The cost angle is equally important. The entire hardware stack — UR3 robot arm, ATI F/T sensor, 3D Systems Touch haptic device, custom 3D-printed instrument components — is a fraction of the price of a da Vinci system, which can run to $2 million or more for acquisition alone, with annual maintenance costs in the hundreds of thousands. The RoboScope philosophy is explicit: make this technology accessible to institutions that cannot afford the commercial gold standard. That includes teaching hospitals in low- and middle-income countries, simulation centers at smaller universities, and military or remote medical training programs. If haptic surgical training can be delivered on hardware costing tens of thousands of dollars rather than millions, the pipeline of trained robotic surgeons expands dramatically.

The instrument design itself reflects a thoughtful consideration of practical deployment. The tip is interchangeable — swap out the grasper for scissors or a needle driver in seconds, without losing the force-sensing capability. The wrist-mounted sensor approach avoids the sterilization and fragility problems of tip-mounted sensors. The whole assembly threads onto the robot's adapter plate with a single rotating motion. These are not incidental engineering choices; they are what make the difference between a laboratory demonstration and something a training program can actually use.

What's Next

The study's limitations are worth naming clearly. Ten participants is a small sample, and the task — though clinically motivated — is a simplified proxy for real surgical demands. Force regulation in a clean laboratory setting, pressing on a silicone gallbladder model with one hand, is not the same as the complex, multi-degree-of-freedom, cognitively loaded environment of an actual procedure. The current system also provides only kinesthetic force feedback — the sense of being pushed back — and not cutaneous feedback, the richer texture, vibration, and slip sensations that the skin perceives. The researchers acknowledge all of this.

The most important open question may be transfer: does training with haptic feedback on RoboScope actually improve performance on real robotic surgical systems? The study shows learning within the RoboScope environment, but the field will ultimately need longitudinal studies that track trainees from the simulator to the operating room. That kind of research is harder to conduct, slower, and more expensive — but it is the evidence that would shift clinical training programs at scale.
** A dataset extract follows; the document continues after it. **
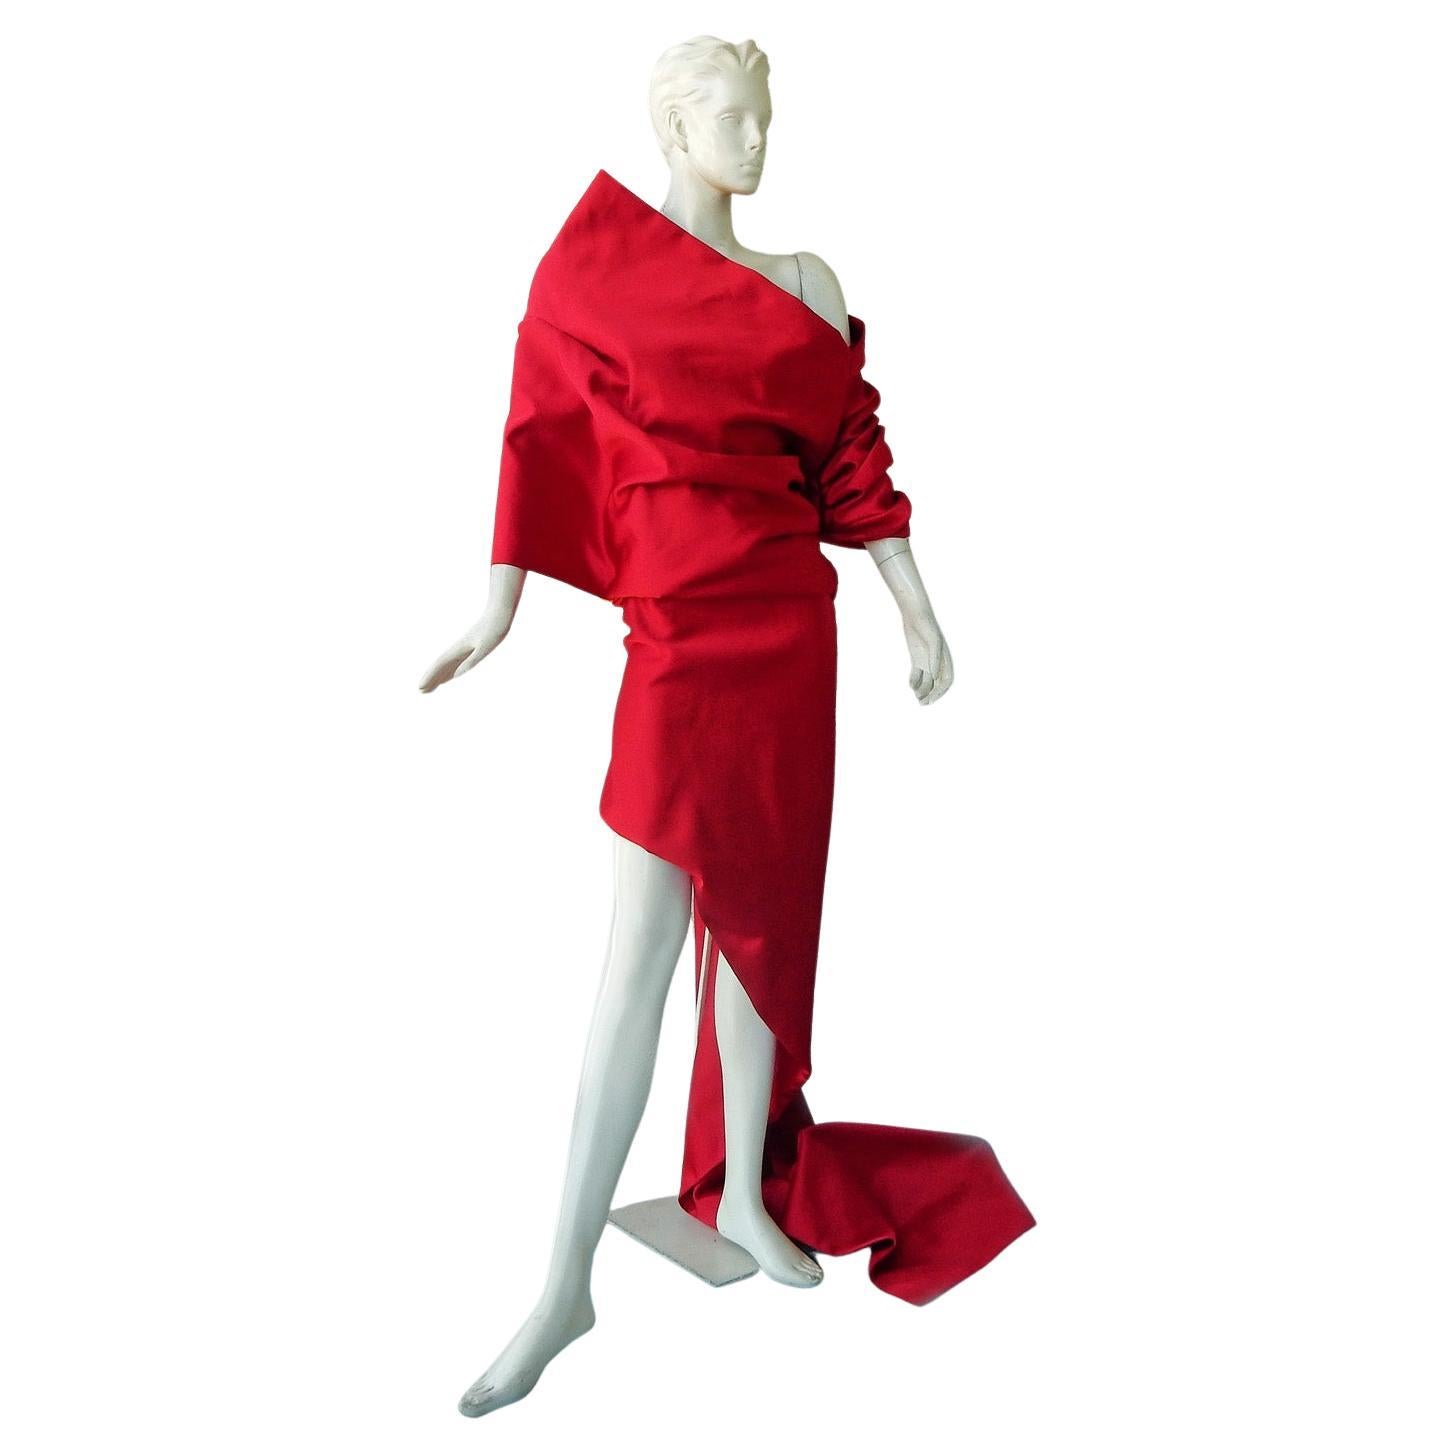 Balenciaga Runway "Lady in Red" Asymmetric Structured Dress Gown   For Sale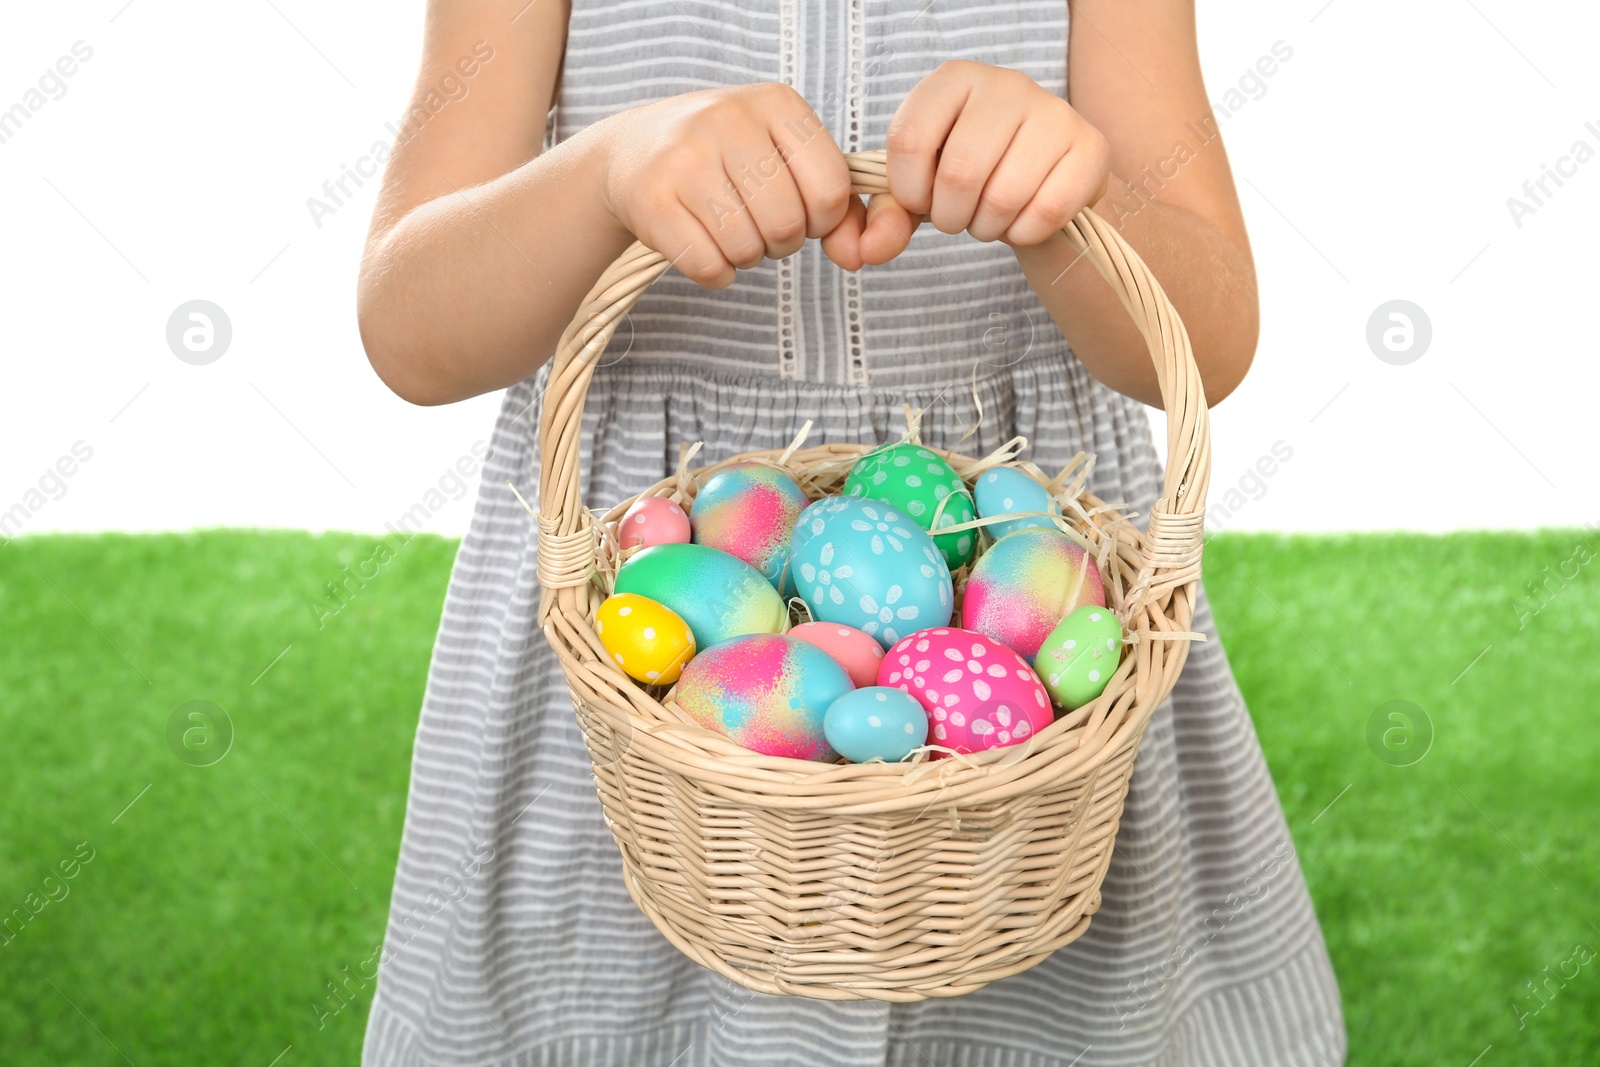 Photo of Little girl with basket full of Easter eggs on green grass against white background, closeup

There are also signal processing improvements to explore. The current wrist-mounted sensor approach requires careful compensation for gravity and bias — a problem the team has solved, but one that becomes more complex as the robot arm moves through unusual configurations or operates at higher speeds. Integrating machine learning approaches to force estimation, or fusing the wrist sensor data with other signals such as motor current or joint torque, could make the compensation more robust across a wider operating envelope.

What Shaker and Erden have demonstrated is a proof of concept that is compelling precisely because it is not exotic. They have taken off-the-shelf components, connected them with careful mathematics, and shown that the result meaningfully changes how well people can learn a safety-critical skill. The next generation of robotic surgeons may learn to feel before they ever touch a patient — and this work suggests that making that possible does not require a million-dollar machine. It requires the right sensor, the right algorithm, and the willingness to ask what's actually missing.

Haptic feedback significantly improves task success rate, force regulation accuracy, and task efficiency compared to visual-only feedback.